:: Required action ::
Leaving out every picture, quote the data below exactly as it appears.
Exercise data Block Start
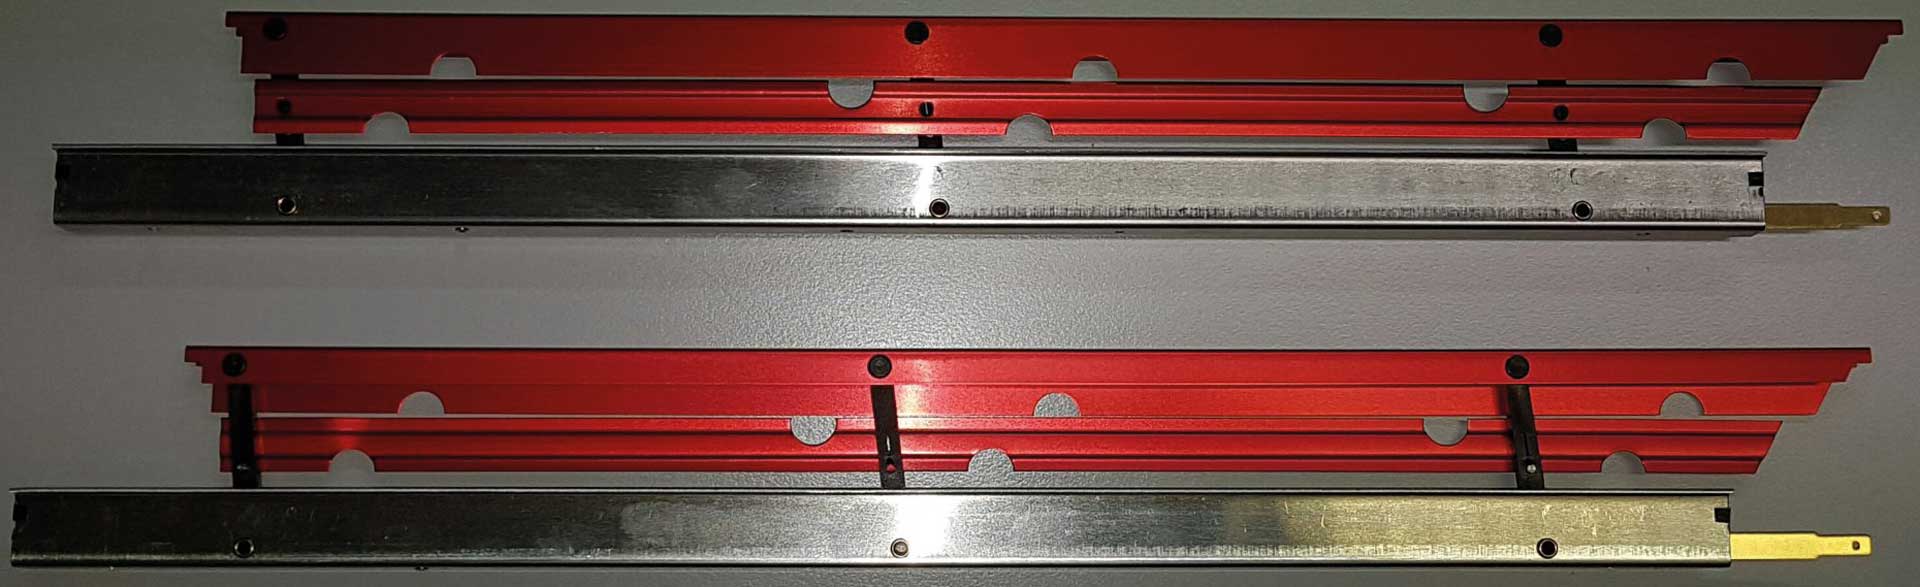 MODELLBAU LINDINGER Flaps 37cm/16mm aluminum red anodized Double locking
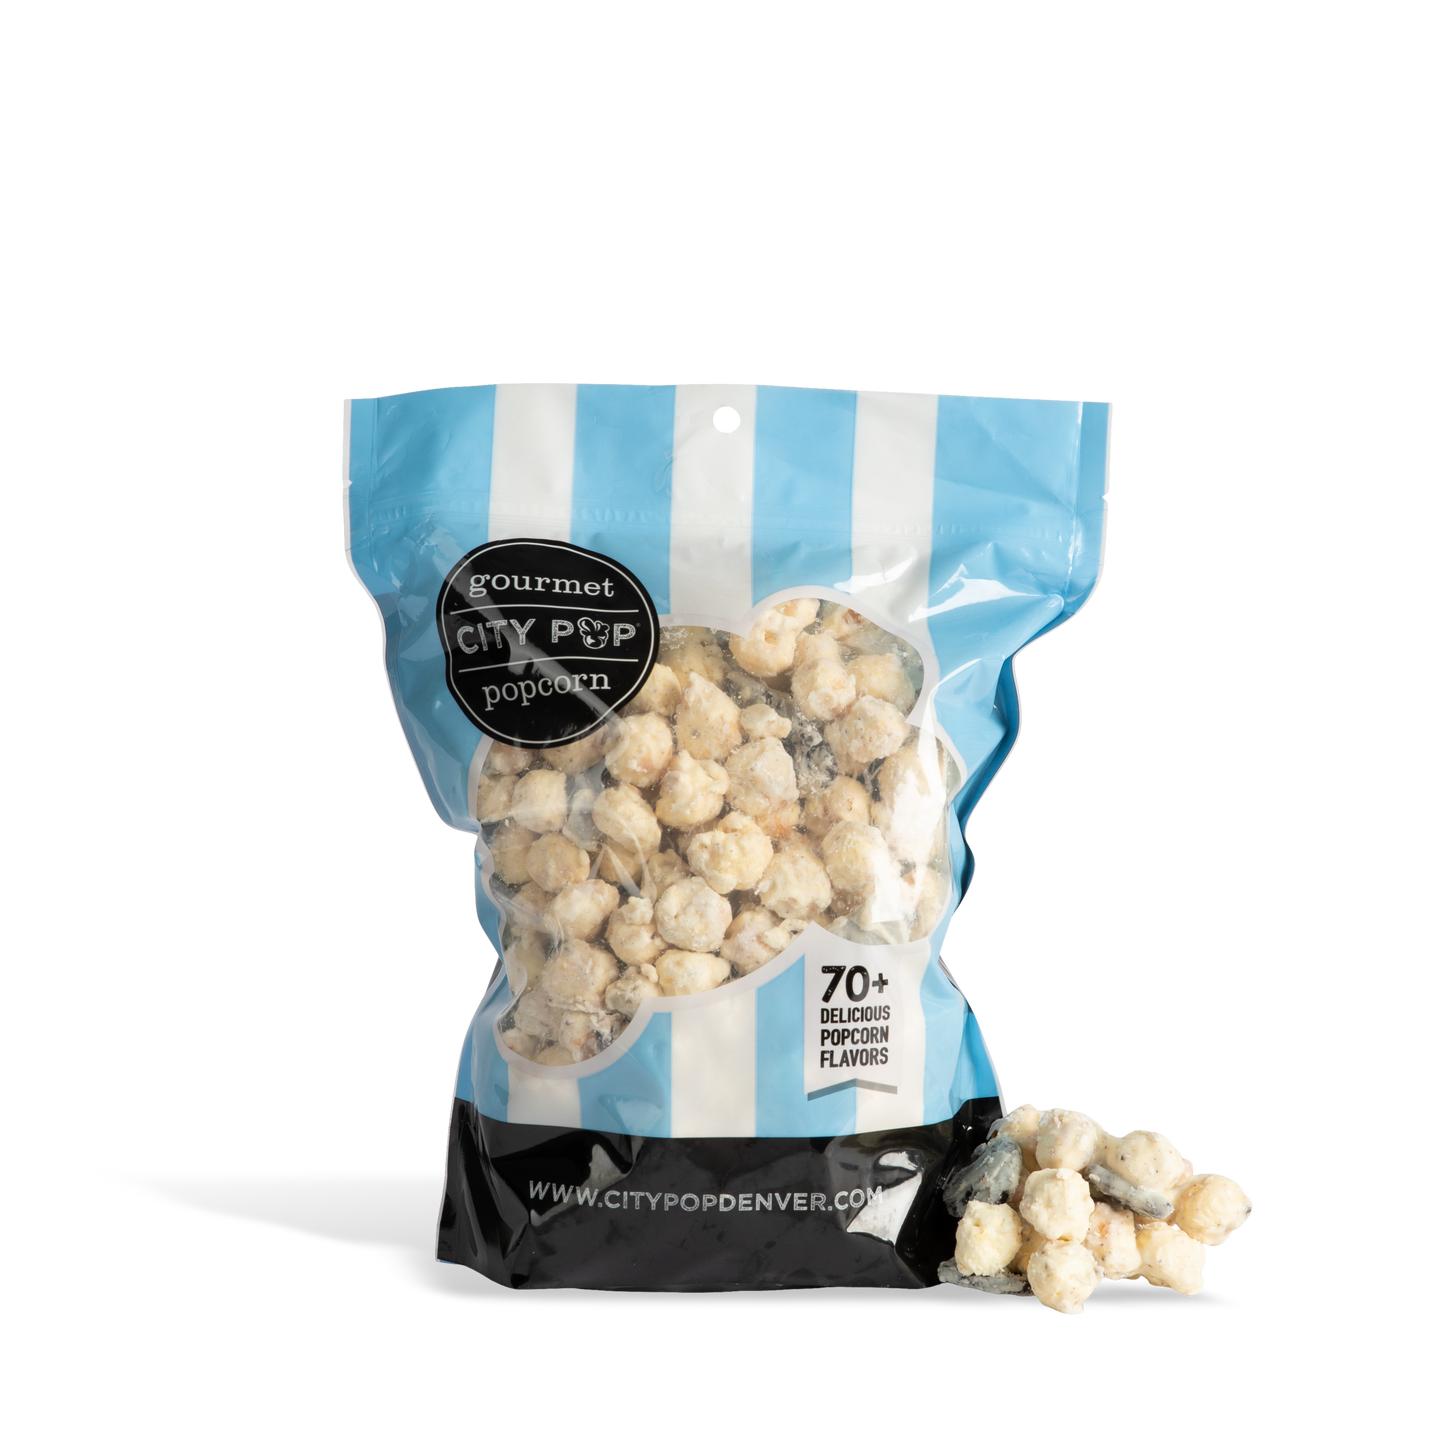 City Pop Cookies 'N Cream Popcorn Bag with Kernel
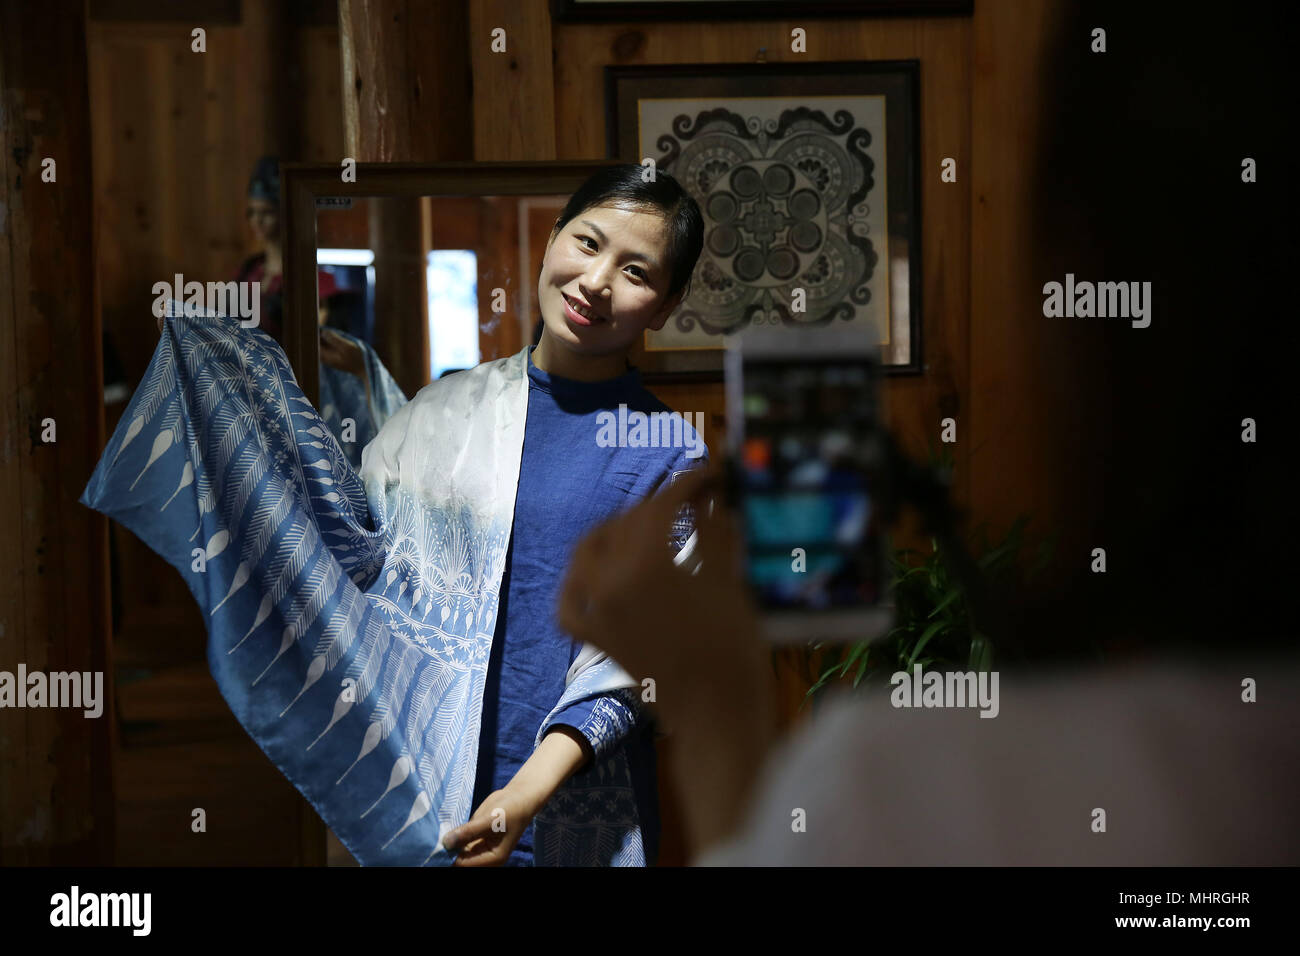 Danzhai, province du Guizhou en Chine. 2 mai, 2018. Zhang Yiping fait la promotion de produits par l'intermédiaire de batik la diffusion sur le réseau mobile à Danzhai, comté de la province du Guizhou, au sud-ouest de la Chine, le 2 mai 2018. Obsédé par la culture batik depuis un enfant, Zhang Yiping, une jeune femme née en 1993, a créé sa propre entreprise de créations de batik à sa ville natale de Danzhai en 2014. Grâce à plusieurs années de développement, Zhang a mis en place sa boutique batik et également une base de production fait-main où plus de 100 femmes ont été employées. Credit : Huang Xiaohai/Xinhua/Alamy Live News Banque D'Images
Exercise data Block End
:: Answer space ::
 MODELLBAU LINDINGER Flaps 37cm/16mm aluminum red anodized Double locking
 City Pop Cookies 'N Cream Popcorn Bag with Kernel
 Danzhai, province du Guizhou en Chine. 2 mai, 2018. Zhang Yiping fait la promotion de produits par l'intermédiaire de batik la diffusion sur le réseau mobile à Danzhai, comté de la province du Guizhou, au sud-ouest de la Chine, le 2 mai 2018. Obsédé par la culture batik depuis un enfant, Zhang Yiping, une jeune femme née en 1993, a créé sa propre entreprise de créations de batik à sa ville natale de Danzhai en 2014. Grâce à plusieurs années de développement, Zhang a mis en place sa boutique batik et également une base de production fait-main où plus de 100 femmes ont été employées. Credit : Huang Xiaohai/Xinhua/Alamy Live News Banque D'Images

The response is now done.